Yukon mining stays strong in recession

Territory and First Nations leaders: Mining plays important role in Yukon; vigilance needed to remain globally competitive

 

Last updated 12/20/2009 at Noon



WHITEHORSE - Since the Klondike Gold Rush when tens of thousands of fortune-seekers stampeded to this northern land looking for gold, the mining industry has been the backbone of Yukon Territory's economy, Yukon government leaders said during their opening remarks at the 37th annual Yukon Geoscience Forum Nov. 23.

"Mining, of course, is the cornerstone of the Yukon economy," said Yukon Premier Dennis Fentie. "The mineral industry has provided many opportunities for Yukoners historically, and those opportunities continue today."

Ed Schultz, executive director of the Council of Yukon First Nations, share similar sentiments.

"In the Yukon context, we have to look at what we have. I wish we had diamonds, but we don't. If you find any, let us know," Schultz said. "I wish we had oil; I wish we had lots of natural gas; we don't have all those things. What we do have is plenty of potential as well as known reserves or deposits of base metals and precious metals."

Recession misses Yukon

Fentie told more than 400 forum participants that he was happy to report that, while news of a global economic crisis reached the territory, the recession itself seemed to stop short of crossing the Yukon border.

"In the last two years, mining investment in the Yukon has exceeded C$350 million despite the economic downturn," he said.

Yukon Geological Survey Senior Geologist Mike Burke said 2009 exploration spending in the Yukon far exceeded the C$30 million he was expecting early in the year.

"We had some great discoveries last year, and when they came out of the gate this year, they continued with some spectacular drill results and so the exploration dollars kept climbing. Right now, I am estimating about US$90 million, but there is still work going on, so that could climb up a little bit more," Burke said.

Adding in around C$160 million of development spending, mining investment in the Yukon is expected to top US$250 million for 2009, a year that was expected to be stifled by the recession.

"We heard about a recession," Burke joked.

Yukon grubstake pays off

Understanding the importance of the mineral industry to the territory, the Yukon government worked diligently to promote mining. These efforts played a key role in keeping exploration spending up during the financial meltdown.

The discovery of the White Gold property, which triggered a claim staking rush in 2009, resulted from the territorial government's Yukon Mining Incentive Program.

The program is a modern day grubstake of sorts. Through the program, the government provides between C$15,000 and C$50,000 per year to prospectors who locate, explore and develop Yukon mineral projects to an advanced exploration stage.

"The key thing is we try to fund projects with lower-level budgets," Burke explained to Mining News. "We want to keep the pipeline of new discoveries coming and advance early-stage projects so that they can get to that advanced project stage. That's what has paid off with these new discoveries."
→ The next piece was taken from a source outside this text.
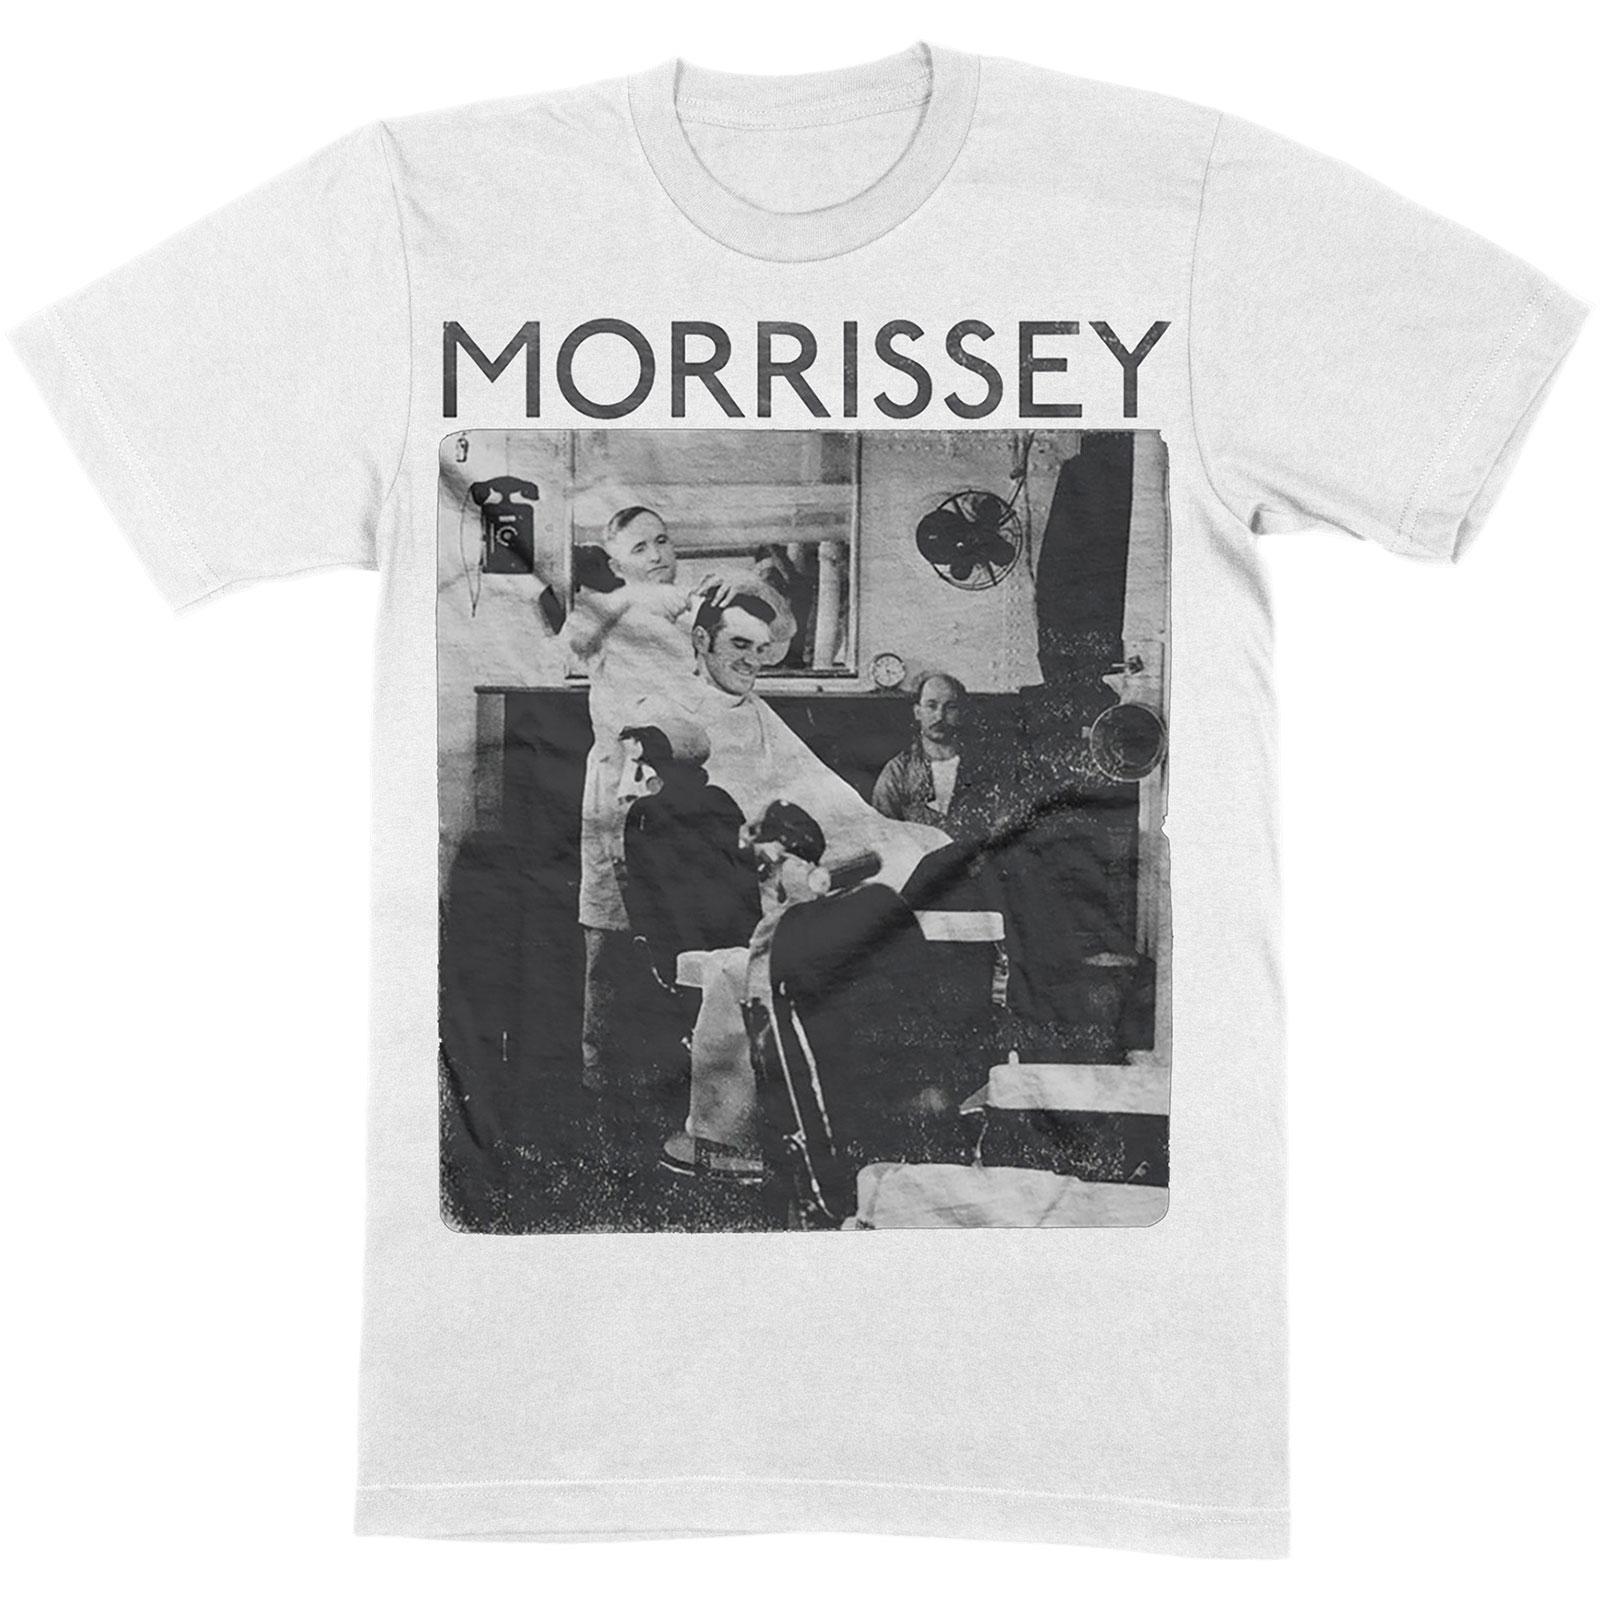 Morrissey Unisex Adult Barber Shop Cotton T-Shirt (White) (XXL)

For example, prospector Shaw Ryan, co-owner of Ryanwood Exploration Inc., used mining incentives to help finance his work when he made the initial discovery of the White Gold prospect in 2003.

To encourage prospectors to continue to seek out Yukon's mineral wealth during the financial crisis, the Yukon government boosted the incentives program's budget by C$1.1 million in 2009. The government-funded grubstake totaled C$1.8 million as a result of the one-time increase.
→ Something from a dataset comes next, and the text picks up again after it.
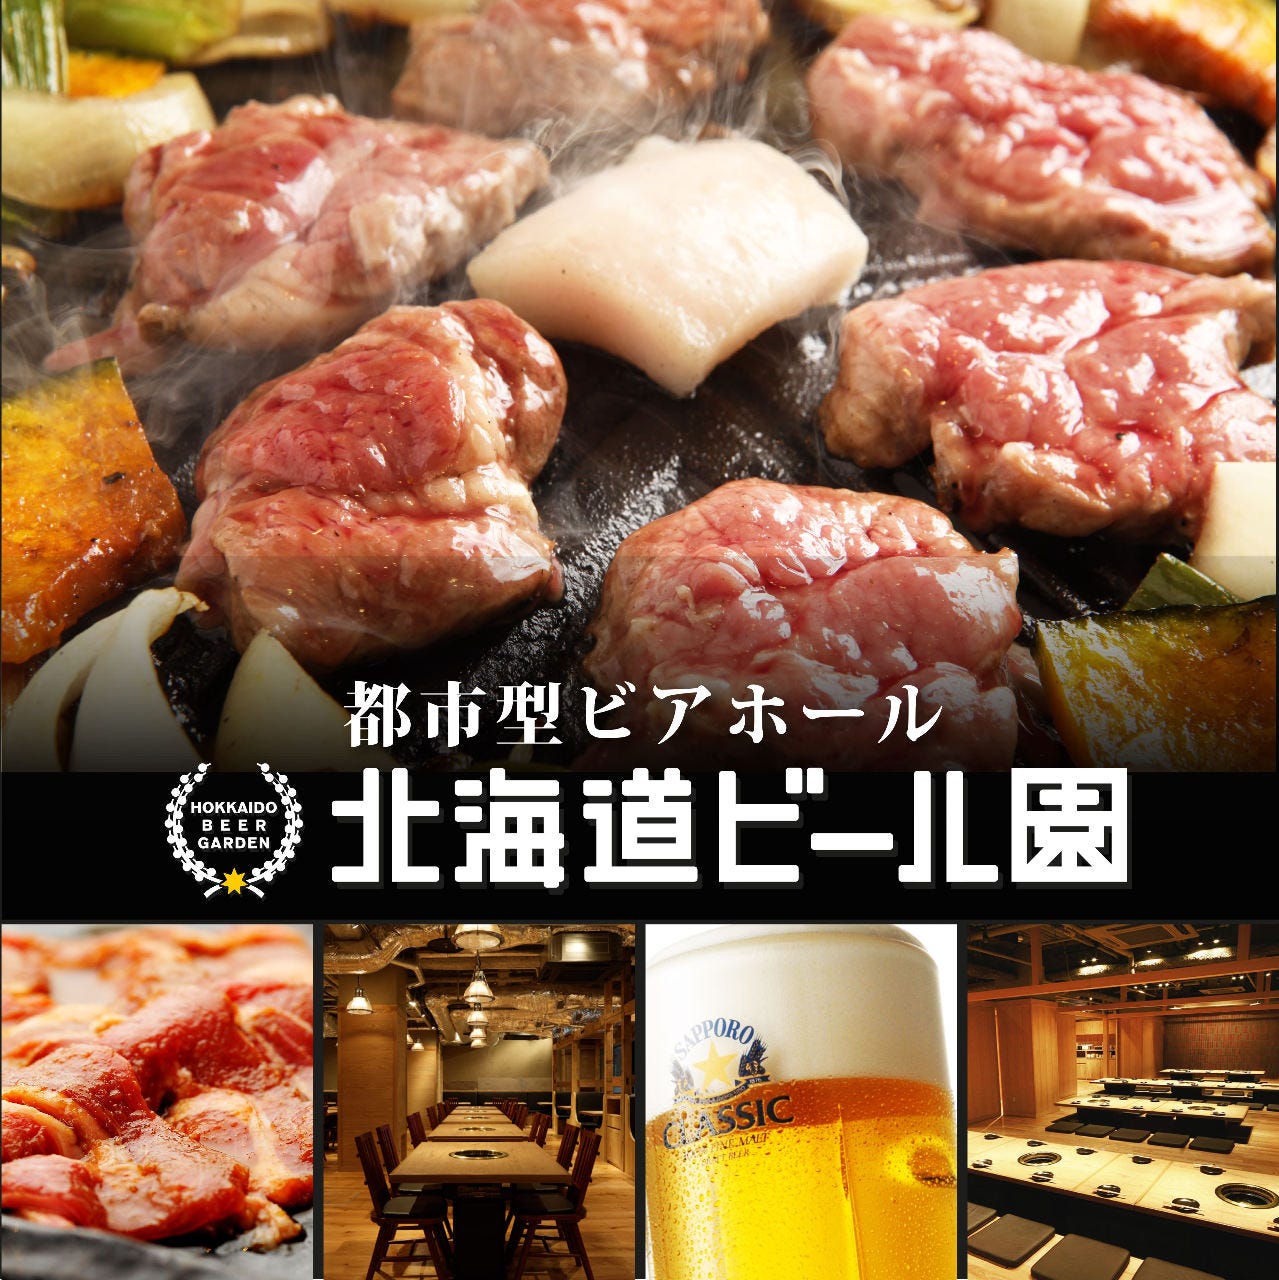 北海道ビール園 HOKKAIDO BEER GARDENのURL1

"For 2009, a total of 106 mineral exploration projects were approved through this program," Fentie said.

Communicating the Yukon advantage

Though the Yukon has become a preferred jurisdiction to seek mineral wealth, The Yukon premier said the territory must continue to be vigilant in order to remain globally competitive.

"We, in the Yukon, have become a favorite place for mineral investment. While this reputation has helped us through the past year, we must still recognize that we are in a global competitive situation for investment," he said. "We do have a bit of an advantage here in the Yukon. We need to continue to communicate the Yukon advantage."

To this end, the territory launched a new Yukon mineral industry Web site, http://www.miningyukon.com. This mining and exploration portal is designed to allow users to find everything from current geological data on Yukon mineral deposits to regulatory approval process information.

"Though legendary for gold mining, Canada's Yukon also boasts a wealth of world-class mineral deposits just waiting to be discovered. Coupled with well-developed infrastructure, competitive royalty regimes, and plenty of mining incentive programs, mining and exploration opportunities in Yukon have never been greater," the newly launched Web portal boasts.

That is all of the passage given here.